Vivere è un’altra cosa
Il consulente psicologico e mental coach Dirk de Sousa L’aumento del numero di persone che, nella nostra società, sono affette da sofferenza psicologica è sempre più evidente. L’autore cerca di fornire così una prova di quello che egli stesso chiama ‘real
Dirk de Sousa vive in Ticino da otto anni dove lavora come consulente psicologico nel suo studio di San Nazzaro. Mental coach della squadra nazionale svizzera di snowboard e freestyle, che accompagnerà alle Olimpiadi invernali del prossimo febbraio a Pyeongchang (Corea del Sud), ha scritto ‘Lo sguardo nel sé’, ovvero “il modo naturale di eliminare la sofferenza psicologica’. «Il mio lavoro non consiste nell’aiutare qualcuno a raggiungere un obiettivo – ci illustra i contenuti della sua professione –, più che altro io voglio togliere obiettivi, quello che hanno bisogno proprio gli atleti e oggi molte altre persone, perché sempre più identificati con degli obiettivi da creare in loro pressione e ansia». Basandosi sul pensiero di alcuni dei più grandi pensatori della storia, de Sousa guida il lettore «in un percorso di esperienza di sé che conduce al disvelamento della vera natura» di ciò che noi chiamiamo l’«Io» e che lui, invece, comunemente, chiama «il nostro Sé».
L’uomo d’oggi è sempre più messo sotto pressione dagli obiettivi che gli giungono soprattutto dall’esterno. Come ritrovare serenità?
Inconsciamente noi creiamo le nostre emozioni che servono, a loro volta, a raggiungere un obiettivo. Io lavoro sulle origini delle emozioni. Pensiamo alla paura che nella società è vista come qualcosa di negativo e contro la quale dobbiamo fare per forza qualcosa. È lì che inizia il problema, perché creiamo un circolo vizioso in quanto da una parte creiamo la paura e dall’altra ‘qualcosa’ che la deve combattere, controllare, e ciò crea più tensione e sofferenza. Cosa succede dunque? La nostra coscienza diventa sempre più occupata e questi pesi li carichiamo sulle nostre spalle ogni giorno.
Anche le paure possono dunque essere positive. Ciò ci porta all’invito non di respingerle ma di accoglierle?
Tutto va bene finché non dà sofferenza. Siamo noi soli a decidere di ‘togliere’ diversamente di ‘controllare’. E questo funziona con tutte le emozioni perché sono collegate a una interpretazione, un’idea che noi stessi prendiamo come verità.

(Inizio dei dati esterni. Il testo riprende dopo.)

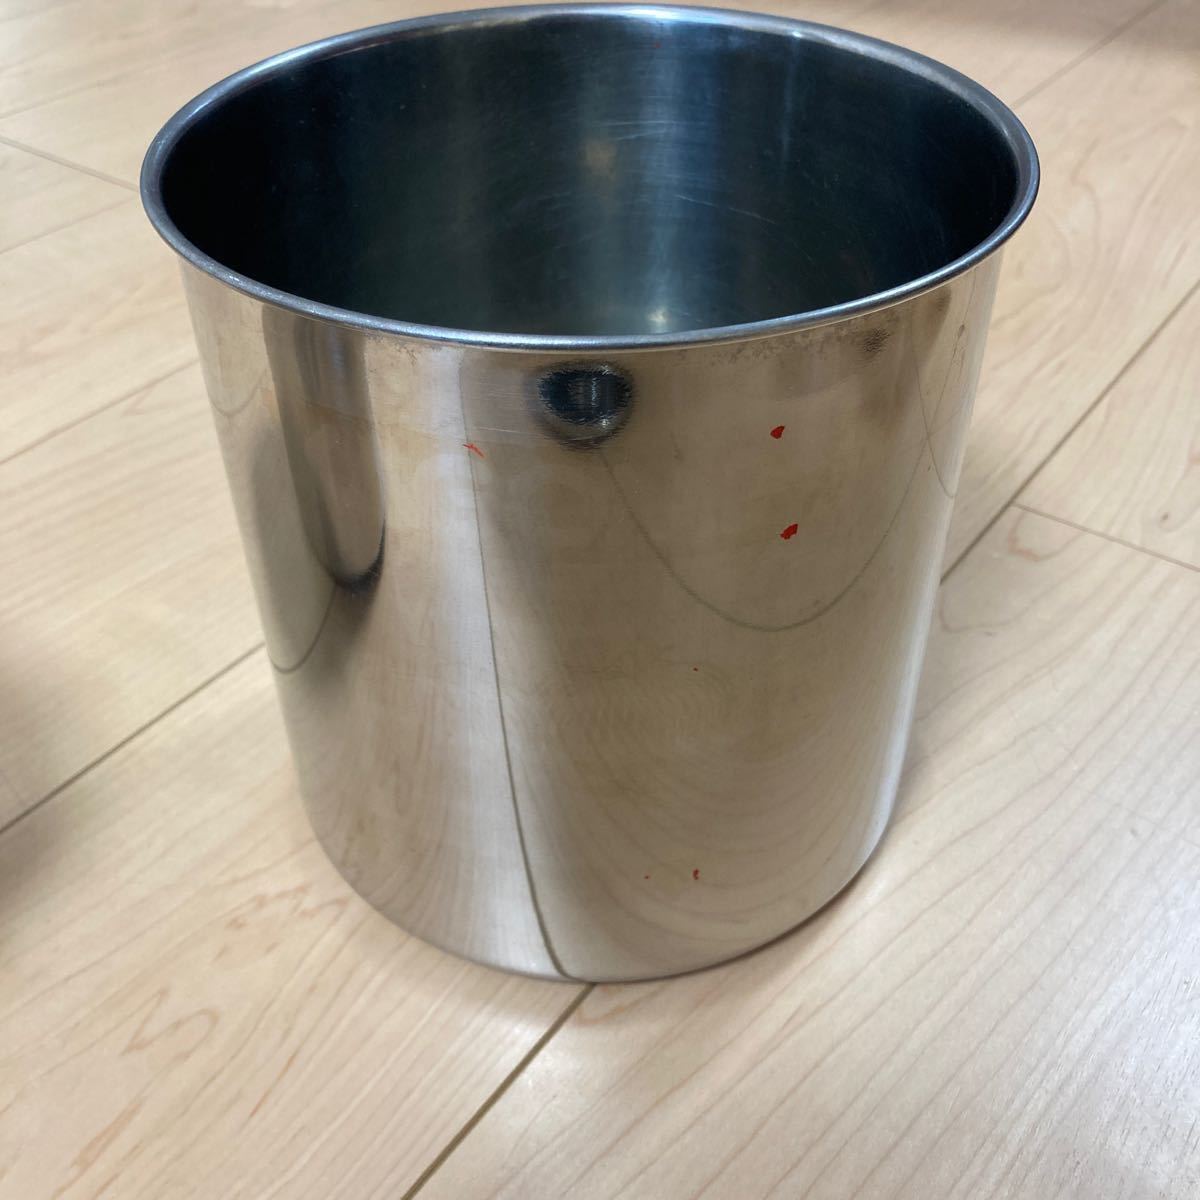 [ secondhand goods ] round deep type kitchen pot / stainless steel pot / stockpot / cookware / business use / cover attaching / 6 piece set

Quali sono le maggiori sofferenze incarnate dall’uomo moderno?
A parte le paure, vi sono le identificazioni. Oggi tutti abbiamo un ruolo che dobbiamo rivestire: come uomo, come donna, come madre, come lavoratrice, collega, amico. E i livelli diventano sempre più alti. Il problema è che siamo talmente identificati con ciò che, se succede qualcosa che mette in dubbio il nostro ruolo, ‘perdiamo’ noi stessi. Chi siamo se non siamo quel ruolo? Così finiamo per creare delle emozioni necessarie a correggere la nostra immagine, l’immagine di noi stessi. E chi siamo alla fine se uno ci toglie quell’immagine? È questo un grave problema di oggi in quanto come cittadini, genitori, professionisti, eccetera, abbiamo tante immagini e tanti ruoli da vivere. Se qualcuno ‘toglie’ o mette in dubbio un ruolo si crea un vuoto perché viene a mancare la vera sostanza. Non è un caso che veniamo condizionati già da bambini, dove ci insegnano ad accumulare ruoli: tu devi risolvere i puzzle, i calcoli, e se riesci, bravo, e ora il prossimo, più difficile. Ciò ci porta a dover per forza raggiungere qualcosa per sentirci vivi, importanti. Un meccanismo sempre più forte. E se non abbiamo problemi, li creiamo anche di notte...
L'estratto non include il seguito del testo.